Several Ways to Share python Download Files

2021-10-25 07:14:47
OfStack

Directory 1, 1-like synchronous download
2. stream using streaming request, requests. get method
3. Download files asynchronously
4. Split and download files asynchronously
5. Attention

1, 1 Synchronous Download

Sample code:


import requests
import os

def downlaod(url, file_path):
  headers = {
    "User-Agent": "Mozilla/5.0 (Windows NT 10.0; WOW64; rv:68.0) Gecko/20100101 Firefox/68.0"
  }
  r = requests.get(url=url, headers=headers)
  with open(file_path, "wb") as f:
    f.write(r.content)
    f.flush()

2. stream using streaming request, requests. get method

By default, the value of stream is false, which will immediately start downloading files and store them in memory. If the file is too large, it will lead to insufficient memory, and the program will report an error.
When the stream parameter of the get function is set to True, it will not start downloading immediately. It will only start downloading when you use iter_content or iter_lines to traverse the content or access the content properties. Note one point: It also needs to stay connected before the file is downloaded.


iter_content : 1 Block 1 Block traversal of the content to be downloaded 
iter_lines : 1 Row 1 Traversal of rows to download content

Downloading large files using the above two functions prevents excessive memory usage because only a small portion of data is downloaded at a time.

Sample code:

3. Download files asynchronously

Since request requests are blocking, the aiohttp module is used to initiate the request.

Sample code:


import aiohttp
import asyncio
import os


async def handler(url, file_path):
  headers = {
    "User-Agent": "Mozilla/5.0 (Windows NT 10.0; WOW64; rv:68.0) Gecko/20100101 Firefox/68.0"
  }
  async with aiohttp.ClientSession() as session:
    r = await session.get(url=url, headers=headers)
    with open(file_path, "wb") as f:
      f.write(await r.read())
      f.flush()
      os.fsync(f.fileno())


loop = asyncio.get_event_loop()
loop.run_until_complete(handler(url, file_path))

4. Split and download files asynchronously

The above is a co-process to download a file, the following method is to divide the file into several parts, each part with a co-process to download, and finally write to the file.

The following example uses streaming writing, that is, writing contents to disk.


import aiohttp
import asyncio
import time
import os


async def consumer(queue):
  option = await queue.get()
  start = option["start"]
  end = option["end"]
  url = option["url"]
  filename = option["filename"]
  i = option["i"]

  print(f" No. 1 {i} Tasks start running ")
  async with aiohttp.ClientSession() as session:
    headers = {"Range": f"bytes={start}-{end}"}
    r = await session.get(url=url, headers=headers)
    with open(filename, "rb+") as f:
      f.seek(start)
      while True:
        chunk = await r.content.read(end - start)
        if not chunk:
          break
        f.write(chunk)
        f.flush()
        os.fsync(f.fileno())
        print(f" No. 1 {i} Tasks are being written ing")
    queue.task_done()
    print(f" No. 1 {i} Tasks were written successfully ")

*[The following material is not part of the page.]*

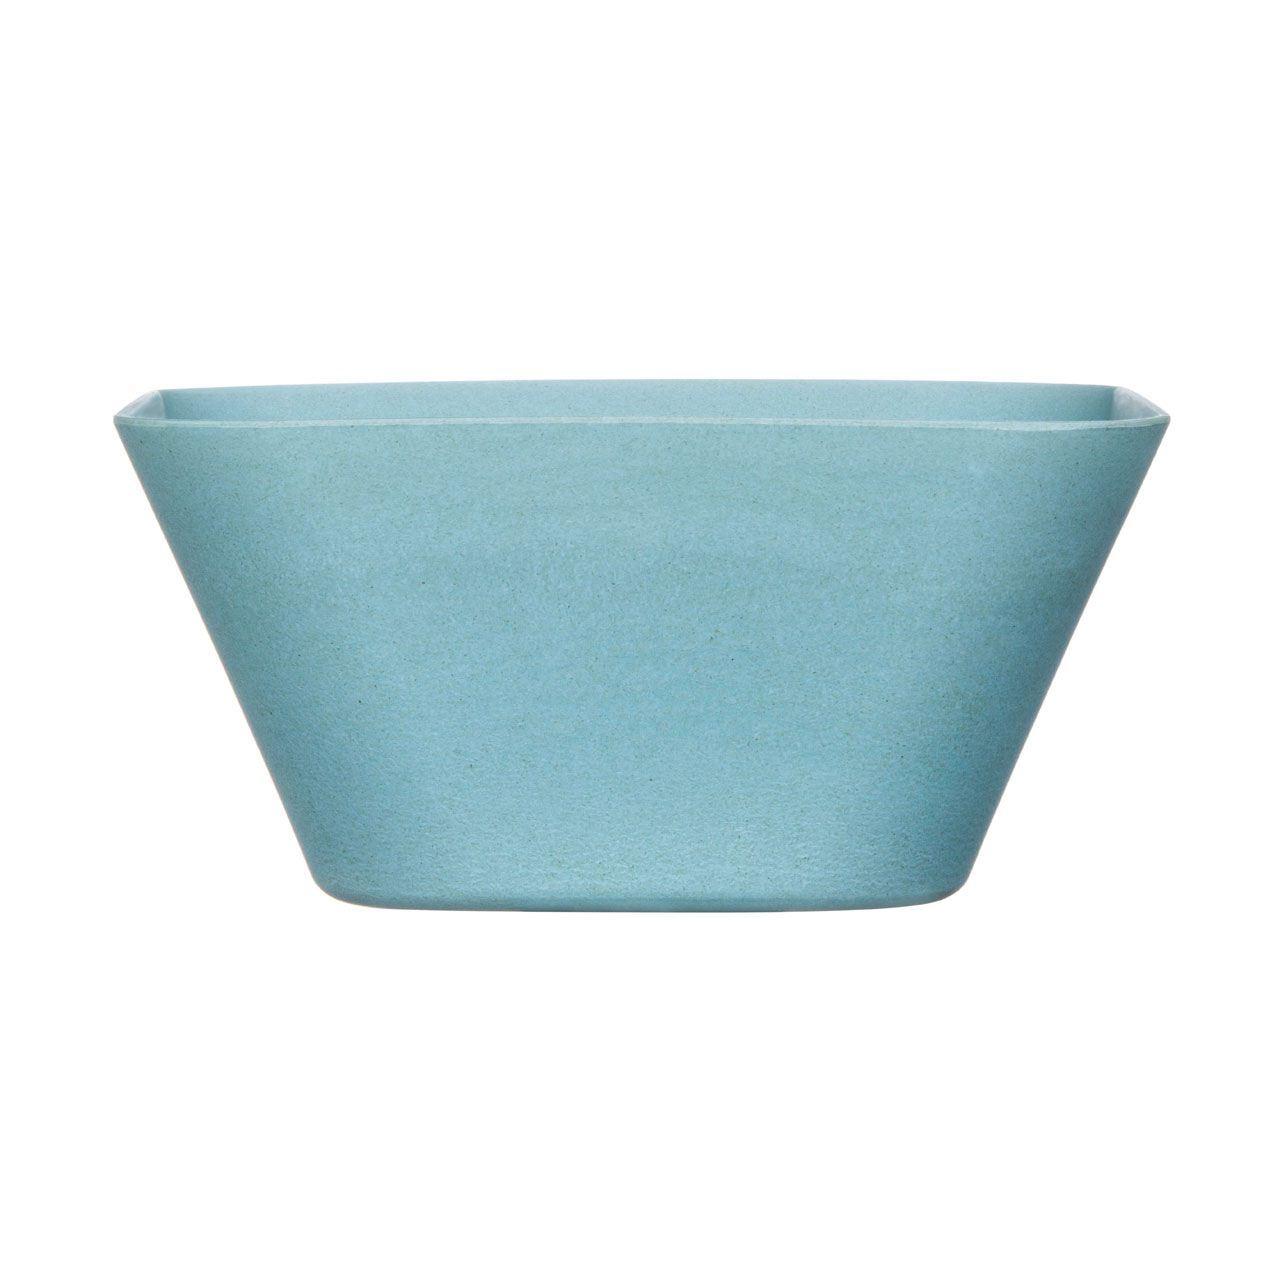 Premier Houswares Eden Dinner Plate Blue Bamboo Fibre

async def producer(url, headers, filename, queue, coro_num):
  async with aiohttp.ClientSession() as session:
    resp = await session.head(url=url, headers=headers)
    file_size = int(resp.headers["content-length"])
    #  Create 1 Files 
    with open(filename, "wb") as f:
      pass
    part = file_size // coro_num
    for i in range(coro_num):
      start = part * i
      if i == coro_num - 1:
        end = file_size
      else:
        end = start + part
      info = {
        "start": start,
        "end": end,
        "url": url,
        "filename": filename,
        "i": i,
      }
      queue.put_nowait(info)


async def main():
  #  Need to fill in the following url , filename , coro_num
  url = ""
  filename = ""
  coro_num = 0
  headers = {
    "User-Agent": "Mozilla/5.0 (Windows NT 10.0; WOW64; rv:68.0) Gecko/20100101 Firefox/68.0"
  }
  queue = asyncio.Queue(coro_num)
  await producer(url, headers, filename, queue, coro_num)
  task_list = []
  for i in range(coro_num):
    task = asyncio.create_task(consumer(queue))
    task_list.append(task)
  await queue.join()
  for i in task_list:
    i.cancel()
  await asyncio.gather(*task_list)


startt = time.time()
loop = asyncio.get_event_loop()
loop.run_until_complete(main())
end = time.time() - startt
print(f" Used {end} Seconds ")

5. Attention

The above examples are all introductory ideas. The program is not robust. Robust programs need to add error capture and error handling.

Above is the python download file several ways to share the details, more information about python download file please pay attention to other related articles on this site!